Lawyers and judges will need training in technology if they are to resolve business disputes in the 21st century, according to a High Court head of division. In the latest in a series of wake-up calls on the challenges and opportunities created by artificial intelligence and blockchain distributed ledger technology, Sir Geoffrey Vos, chancellor of the High Court said it is ‘remarkable’ that legal basic training has changed little in the 45 years since he began reading law at university.
In the near future, he said, lawyers will need to understand technology, ‘not so as to become computer code experts themselves, but so as to be able to resolve a dispute arising from a transaction on the blockchain that some argue will not require any legal foundation at all’.

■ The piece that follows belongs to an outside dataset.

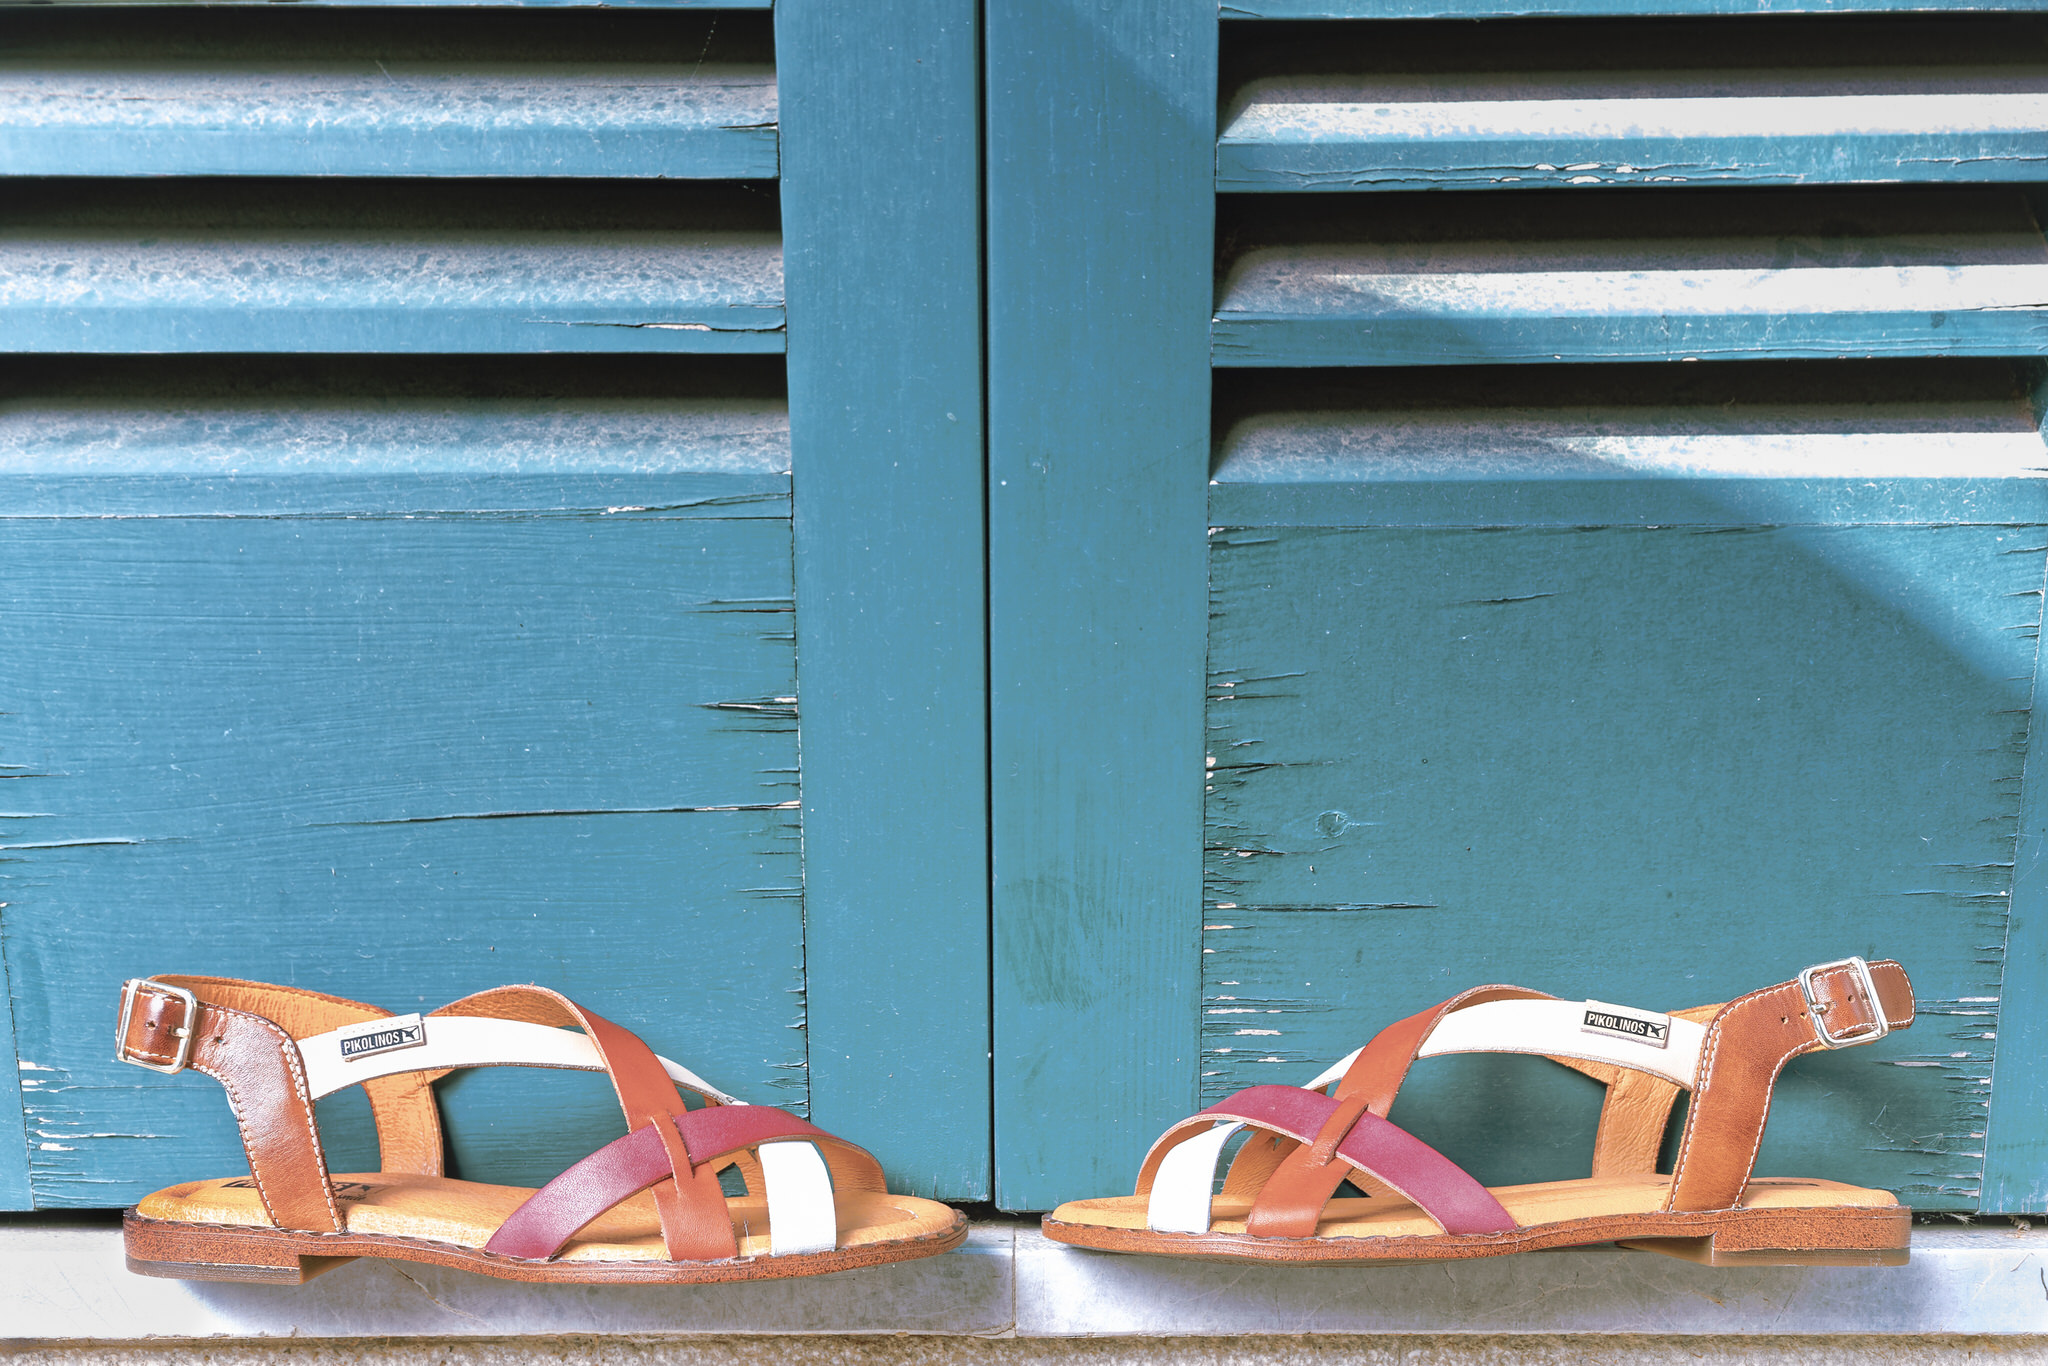 Photograph of Pikolinos women's sandals in a window of the Ca'n Boqueta restaurant

Vos also told the Foundation for Science and Technology that the commercial courts would have to do more to provide effective dispute resolution services in an increasingly competititve world. This includes moving away from the traditional physical hearing. ‘I am sure that some preliminary or interlocutory issues could quite easily be resolved entirely justly without gathering all the parties at a physical hearing weeks or months after the case has begun,’ he said. ‘The lawyers’ task in business disputes should be to simplify the issues to enable them to be resolved in the most appropriate cost-effective manner.’

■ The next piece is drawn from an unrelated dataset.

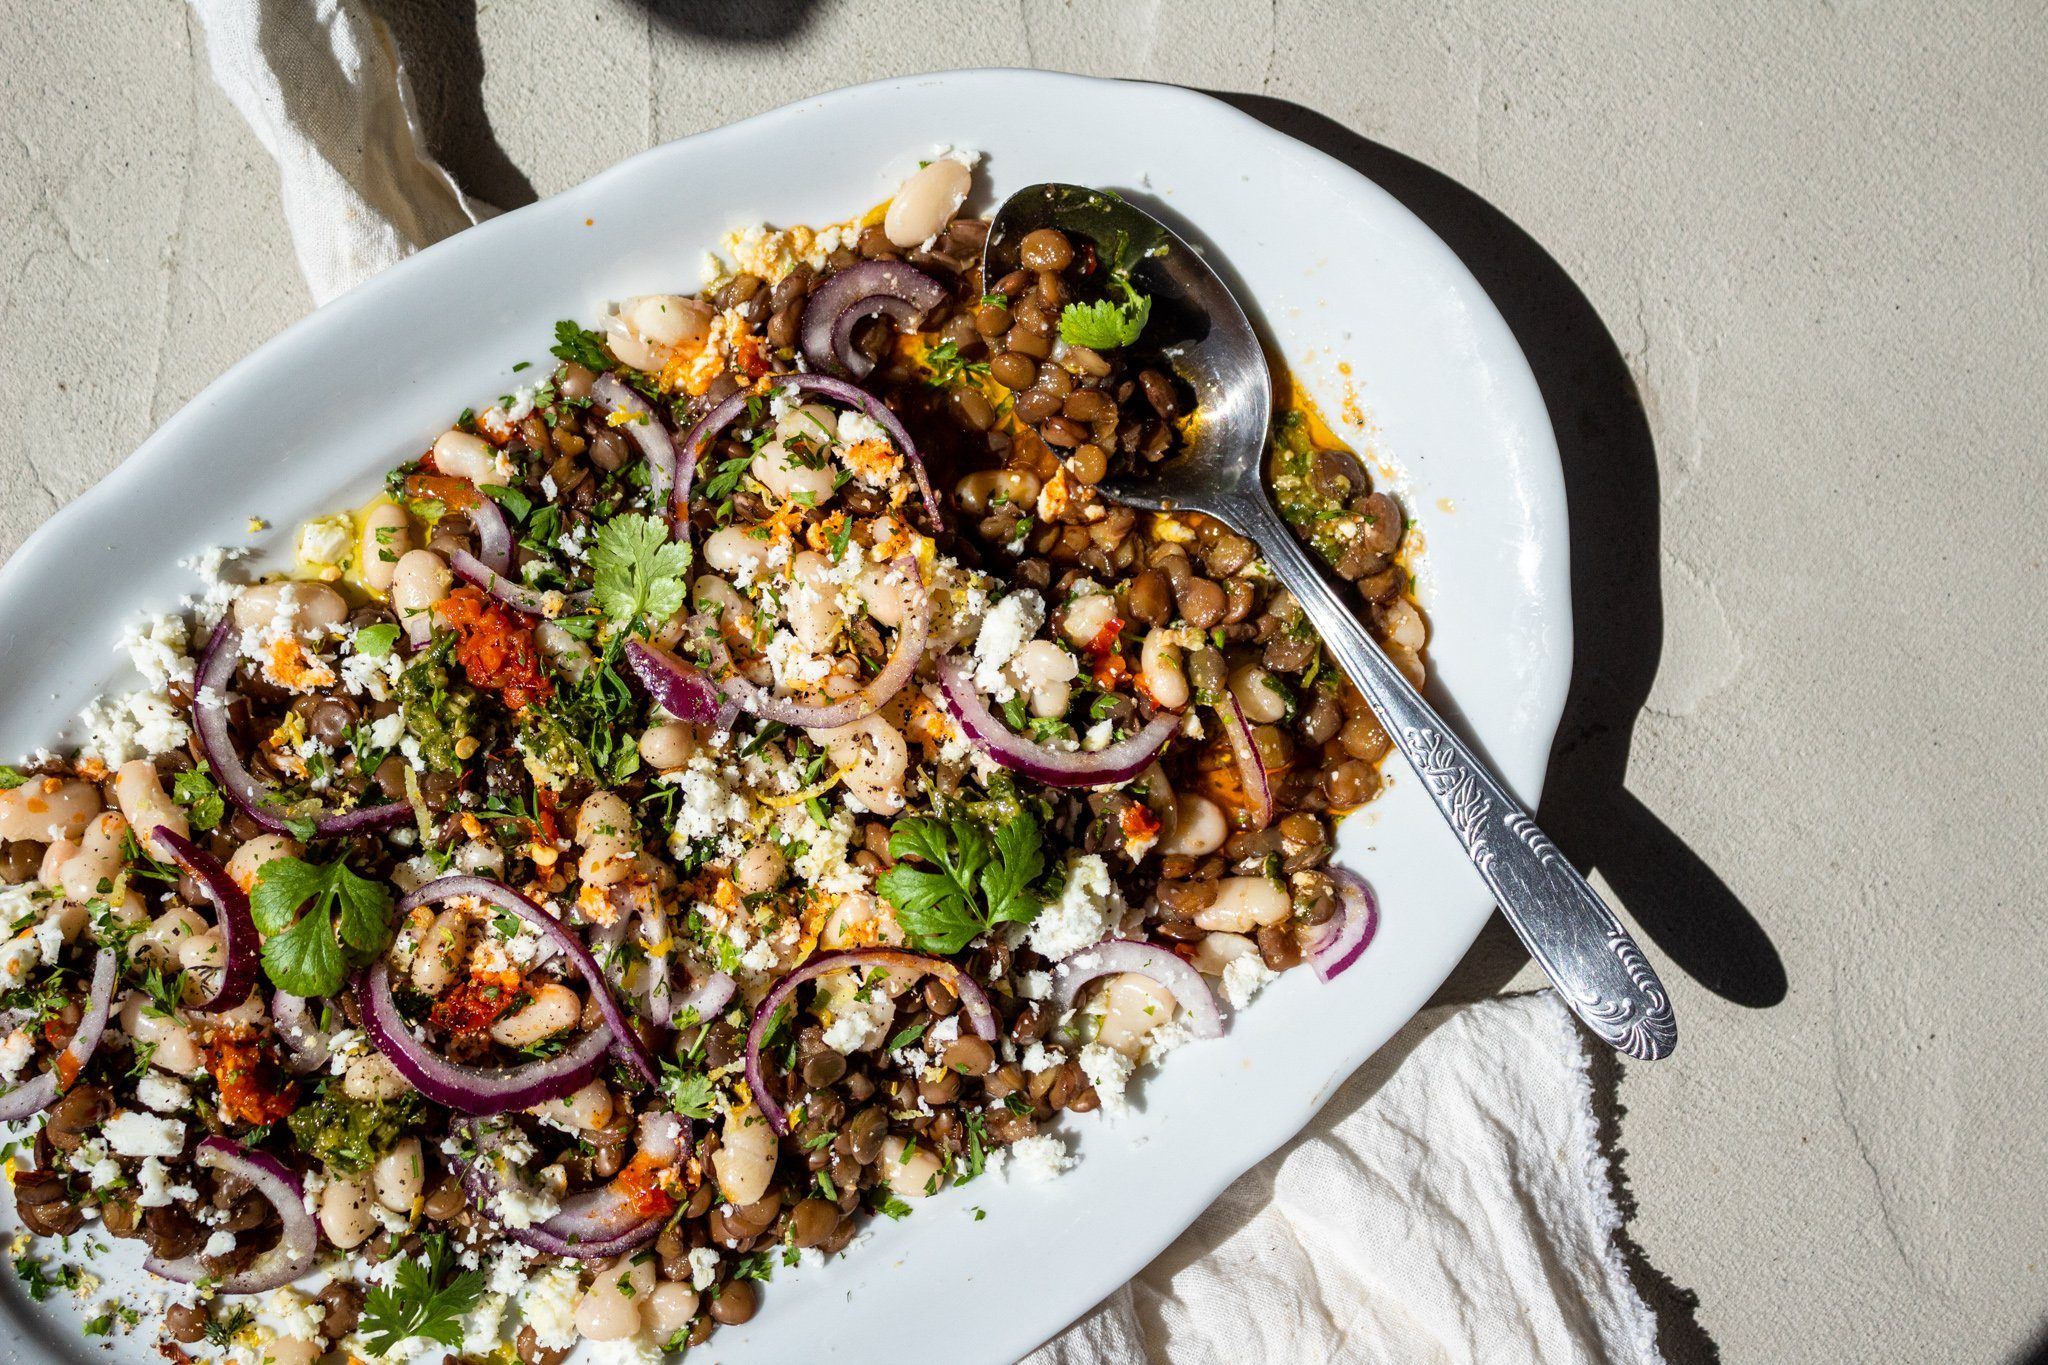 Feta with Spiced Lentils, Chickpeas and Red Onion

‘We are probably too hidebound by our procedural rules and our long-established practices,’ Vos said. ‘Greater flexibility and imagination could cut through the most difficult questions and mean that oral evidence at a synchronous hearing could become the exception rather than the rule.’ More participative judges, ‘asking questions, directing evidence and resolving cases stage by stage… could probably resolve or decide the majority of even lengthy trials by an iterative online process’.
Vos also enthused about the possibilities of ‘telepresence’ videoconferencing. ‘Those who that have participated in a telepresence meeting will know that you see the other participants, often physically present in several different countries, seemingly sitting across the table from you,’ he said.
However he said this vision for virtual justice came with two caveats. The first is cost: ‘simultaneous transcription services and the case management systems that allow for paperless trials are expensive and, at the moment, are paid for by the parties’, he noted. ‘It is important to ensure that we consider how digital processes can be made available to business litigants in the biggest cases as well as the smaller ones.’
A second caveat is the need to respect ‘a number of core principles of our justice system’ – in particular, open justice. ‘If court hearings were no longer to be the norm, we would need to find ways of ensuring appropriate public access to the digital judicial process. Under no circumstances can justice be delivered behind closed doors.’